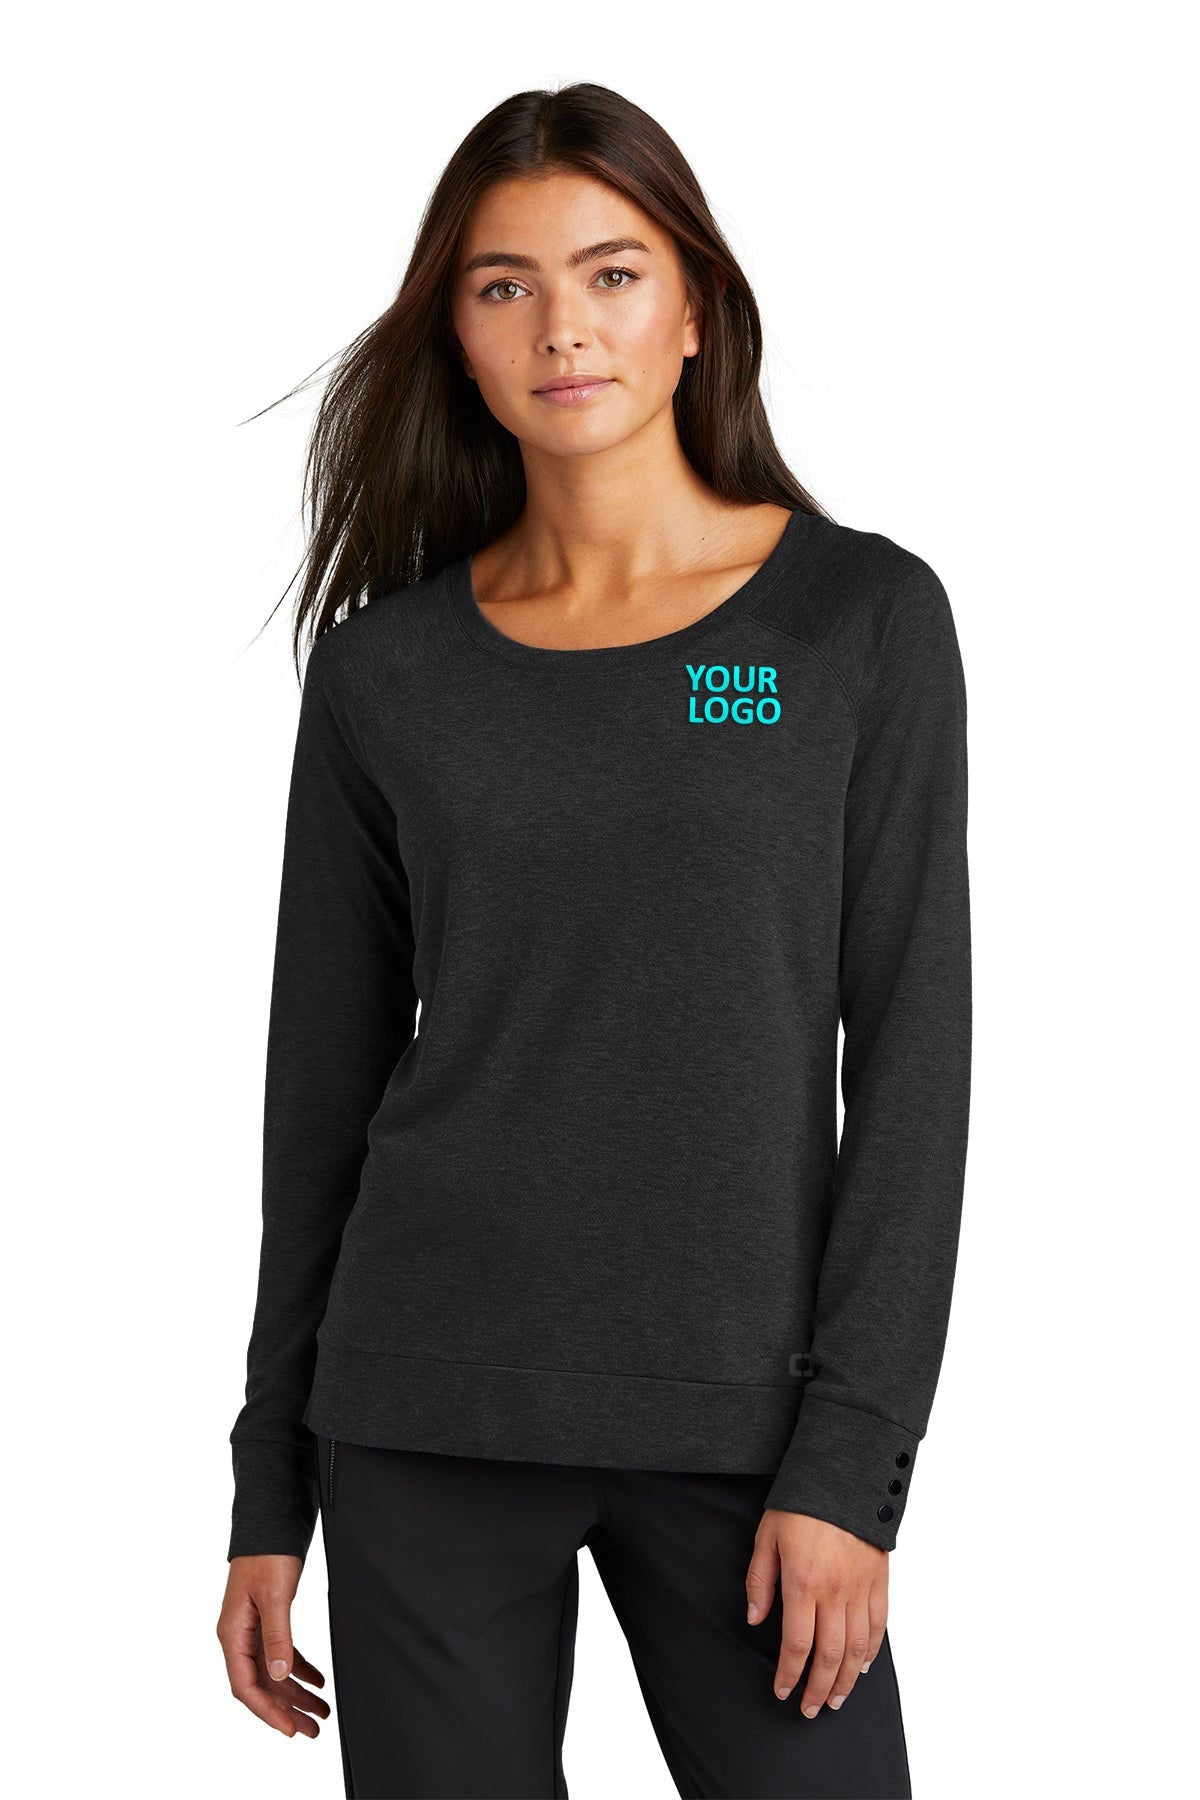 OGIO Blacktop LOG150 custom logo sweatshirts
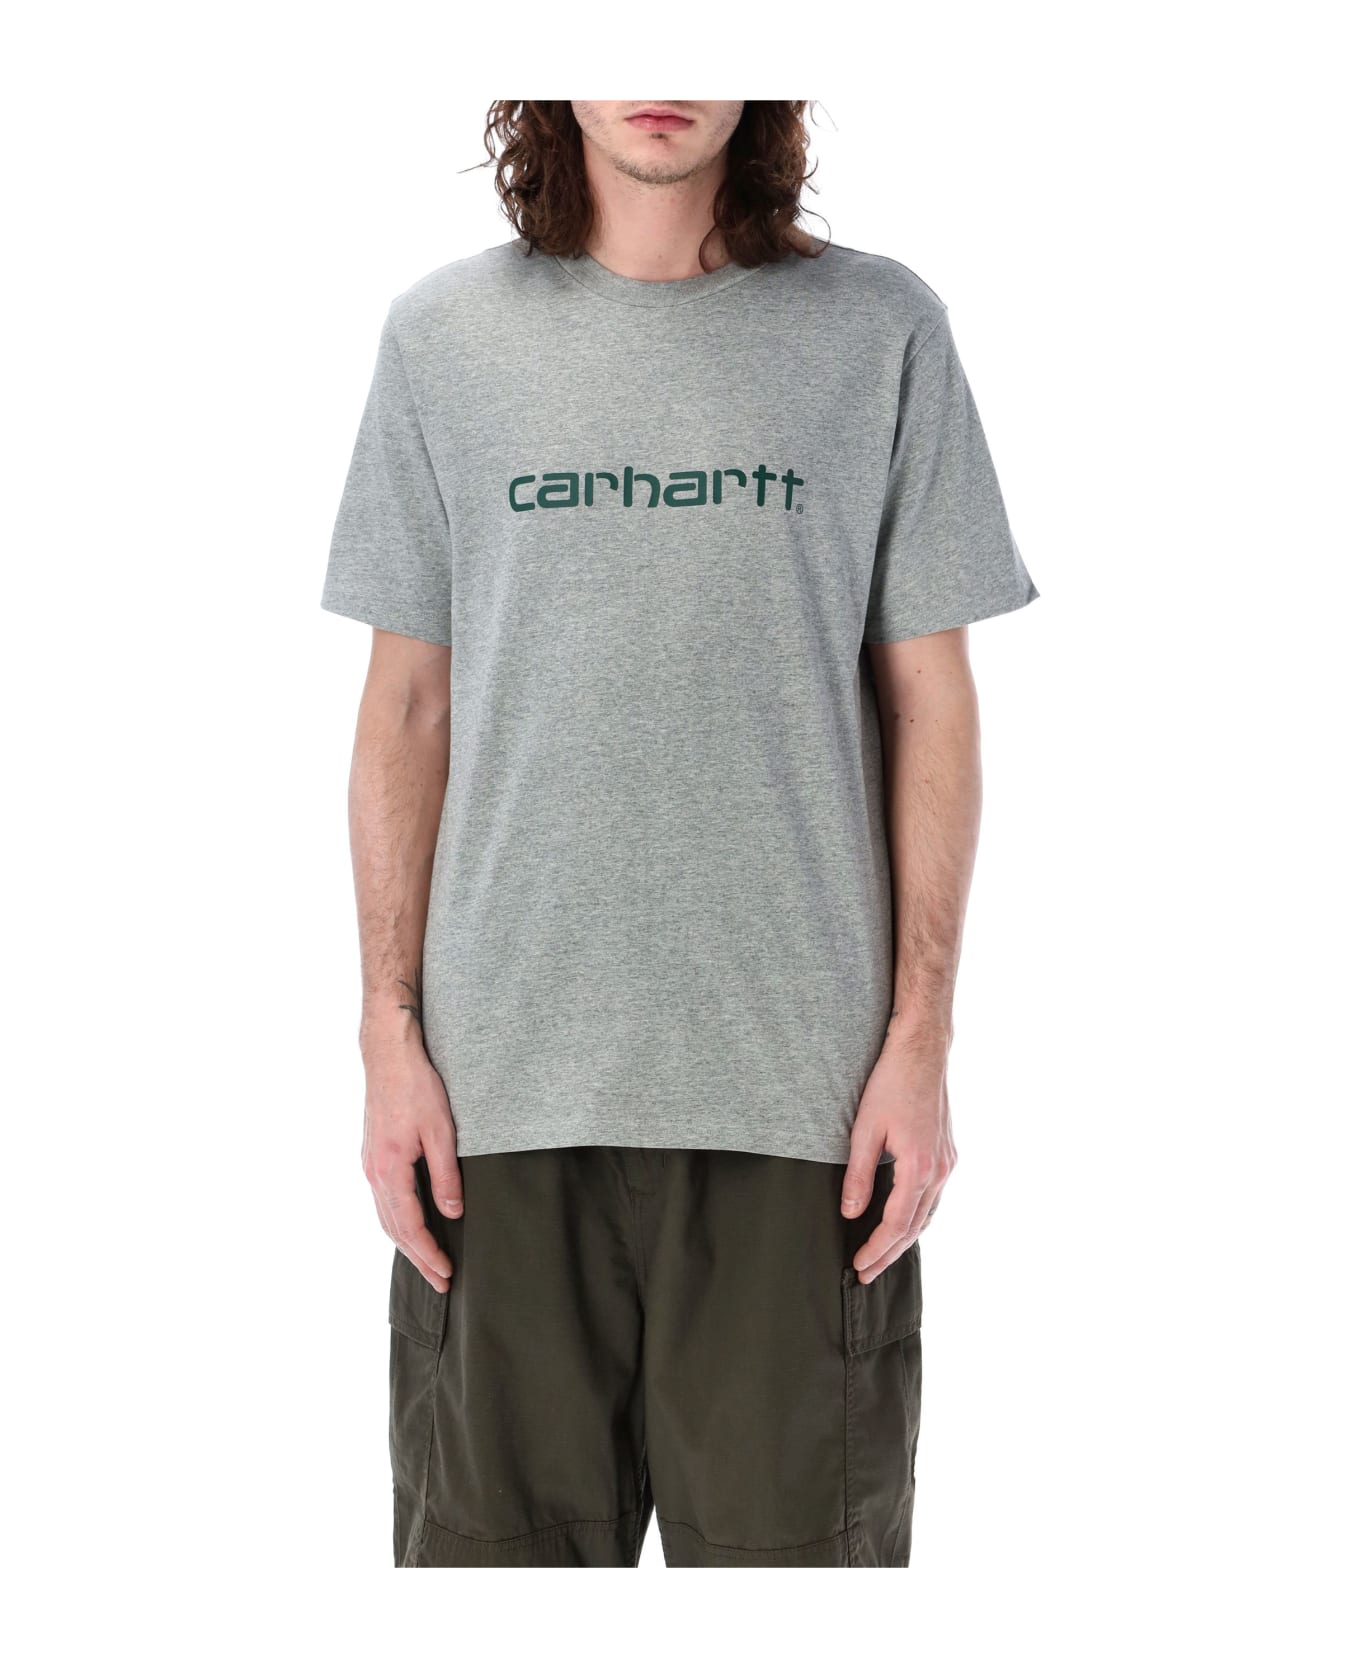 Carhartt Logo T-shirt - GREY HEATHER
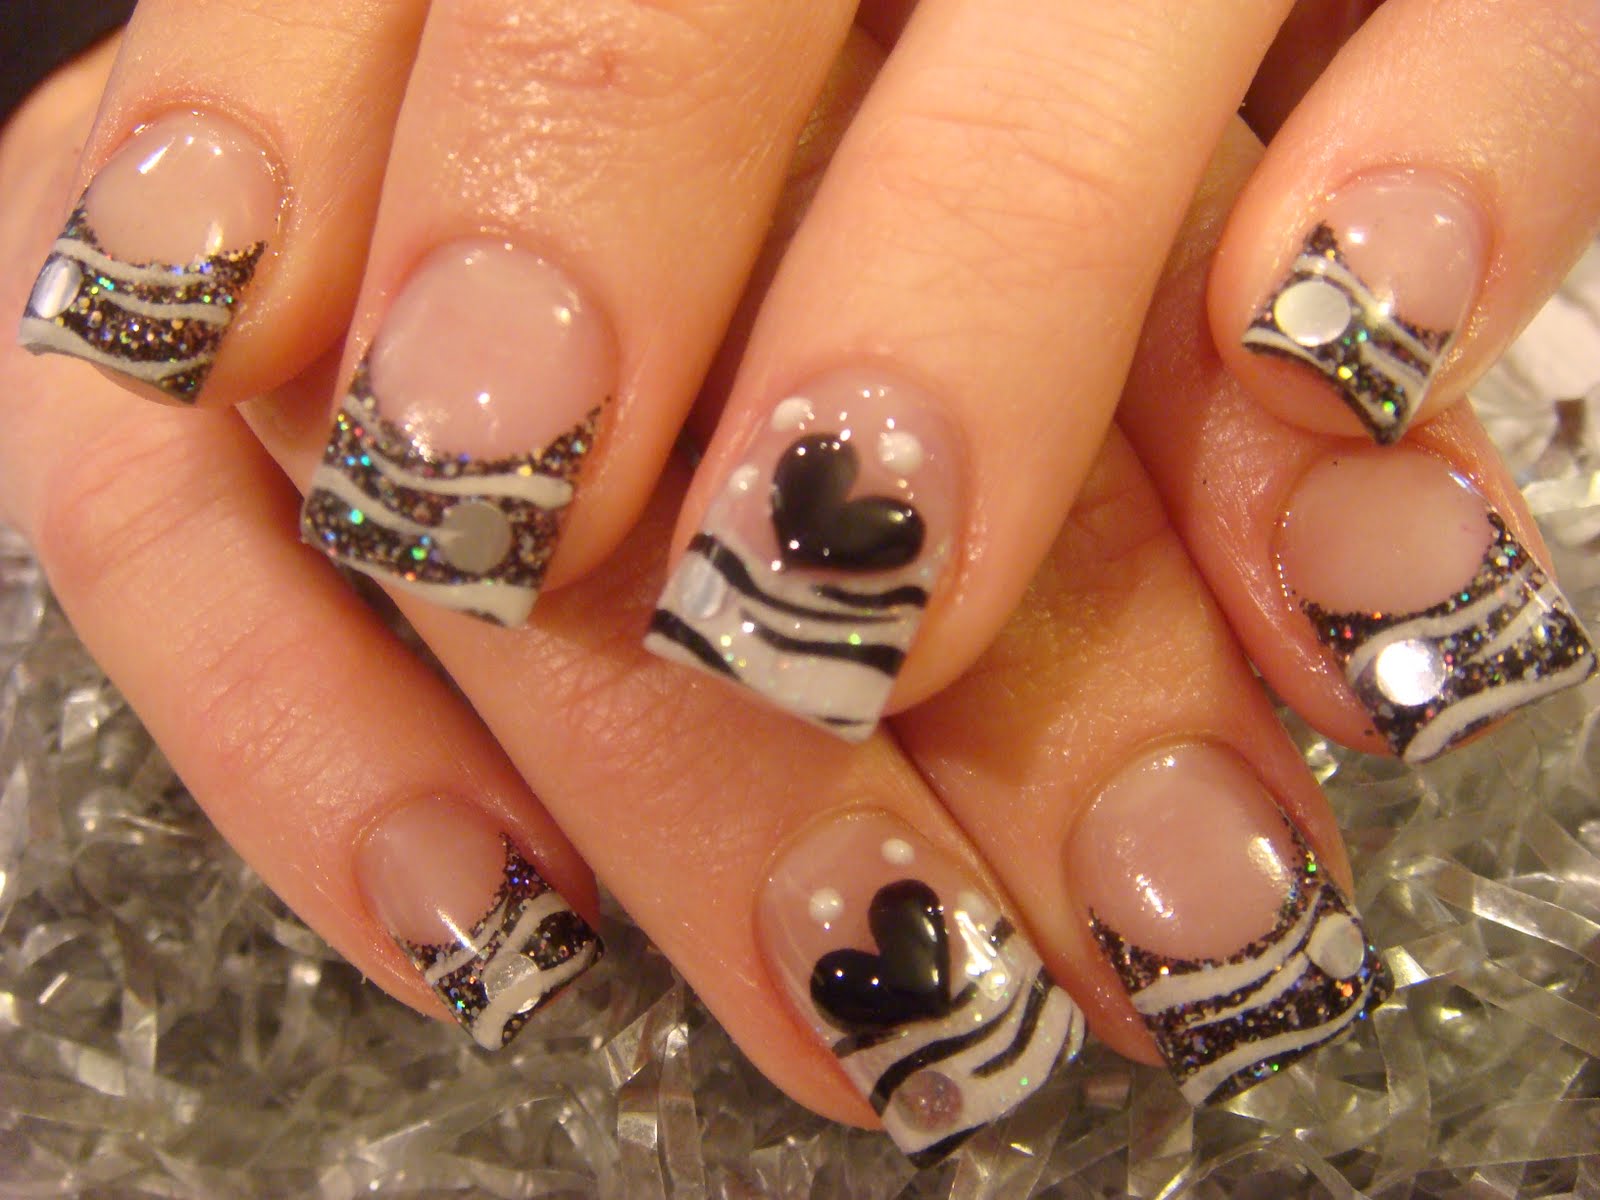 queen of hearts nail design

§ WHAT YOU SHOULD DO: A faithful, word-for-word copy of the data is needed; the pictures should not appear in it.

§ OUTPUT OF THE EXERCISE:
 OGIO Blacktop LOG150 custom logo sweatshirts
 Carhartt Logo T-shirt - GREY HEATHER
 queen of hearts nail design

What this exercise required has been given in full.